Cartoon Crossroads Columbus (CXC), the annual four-day showcase for cartoon art, has announced that former Publishers Weekly senior news editor Calvin Reid is the recipient of this year's Tom Spurgeon Award.
In addition to his role as senior news editor, Reid also worked as editor of PW Comics World, PW’s online coverage of the comics and graphic novel marketplace, and editor of The Fanatic, PW’s bimonthly e-newsletter on comics and pop culture. He is currently cohost of More to Come, PW’s weekly podcast on comics and graphic novel publishing.
Reid joined PW in 1987 and was instrumental to the expansion of the magazine's coverage of comics and graphic novels. In 2006, he received the Bob Clampett Humanitarian Award from San Diego Comic-Con International in recognition of his efforts to raise the profile of graphic novel publishing in the book trade.
The Spurgeon Award honors non-cartoonists who have made substantial contributions to the field of comics and is named after Tom Spurgeon, a writer, historian, and champion of comic arts who served as CXC’s founding executive director.
“This is a terrific honor and I can't tell you how much it means to me,” said Reid in a statement. “It's even more meaningful to get an award named after Tom Spurgeon, who went out of his way to make sure I was able to attend CXC in the first place.”
“Calvin was one of the very first grown-ups to get that comics are an art form, not a genre; they are a medium of literature,” said Vijaya Iyer, Cartoon Books publisher and CXC co-founder, in a statement. “It took a pivotal figure like Calvin Reid to not only recognize the value of comics and graphic novels, but to use his position as a writer at the most important book trade magazine, Publishers Weekly, to shout it from the mountain top!”

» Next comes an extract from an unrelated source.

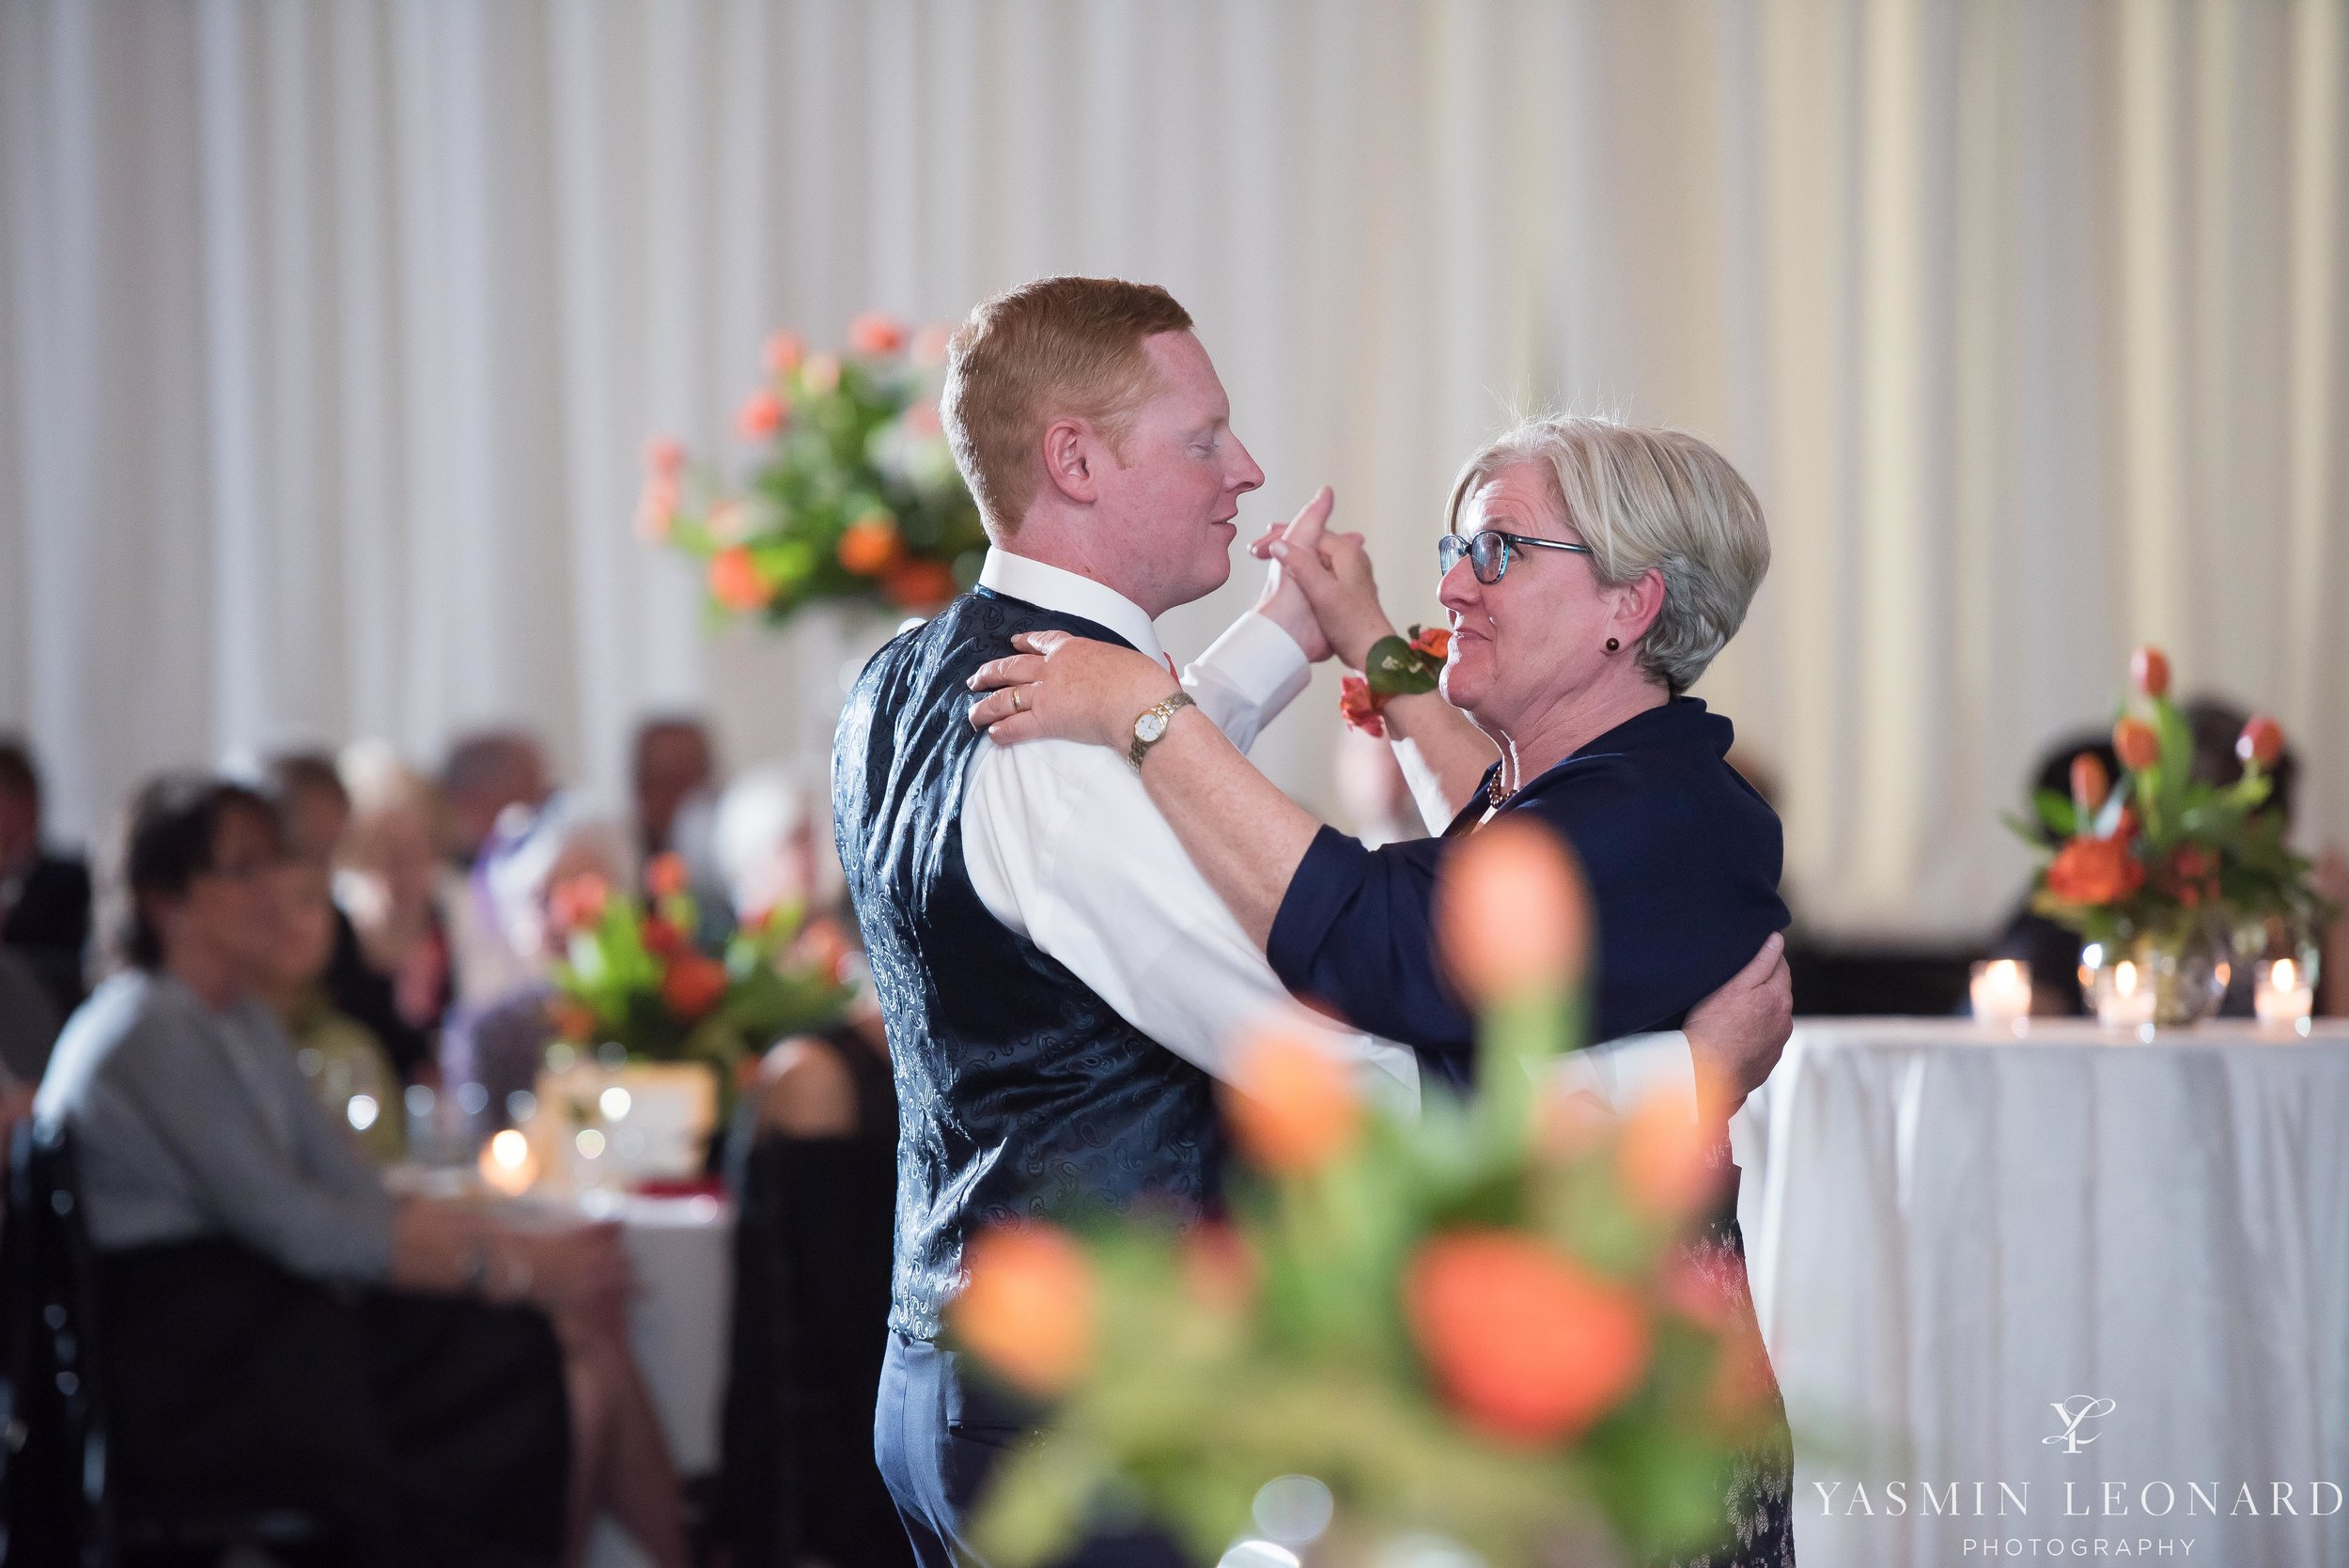 Adaumont Farm - Adaumont Farm Weddings - Trinity Weddings - NC Weddings - Yasmin Leonard Photography-72.jpg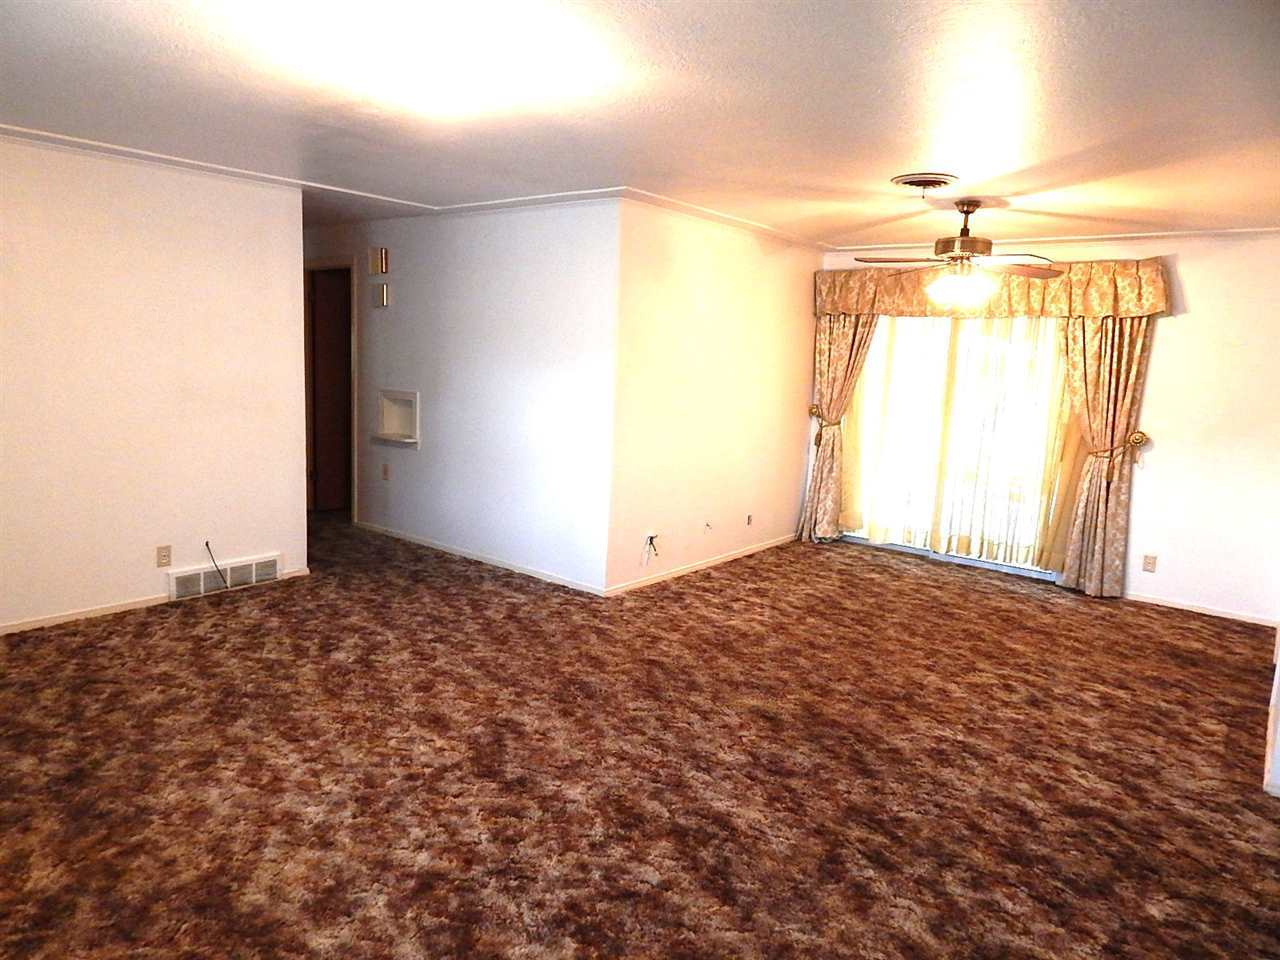 Sold Cross Sale W/ MLS | 720 N 14th Ponca City, OK 74601 2

“I want new readers (as well as comics artists) to know that the world of comics they live in now is very different than it used to be,” Reid continued. “It’s a world of indie, literary comics, superhero, manga, Webtoon, just an endless variety of genre comics of all types for all kinds of readers. And that I was lucky and proud to be able to help bring about some of that change and growth in the marketplace.”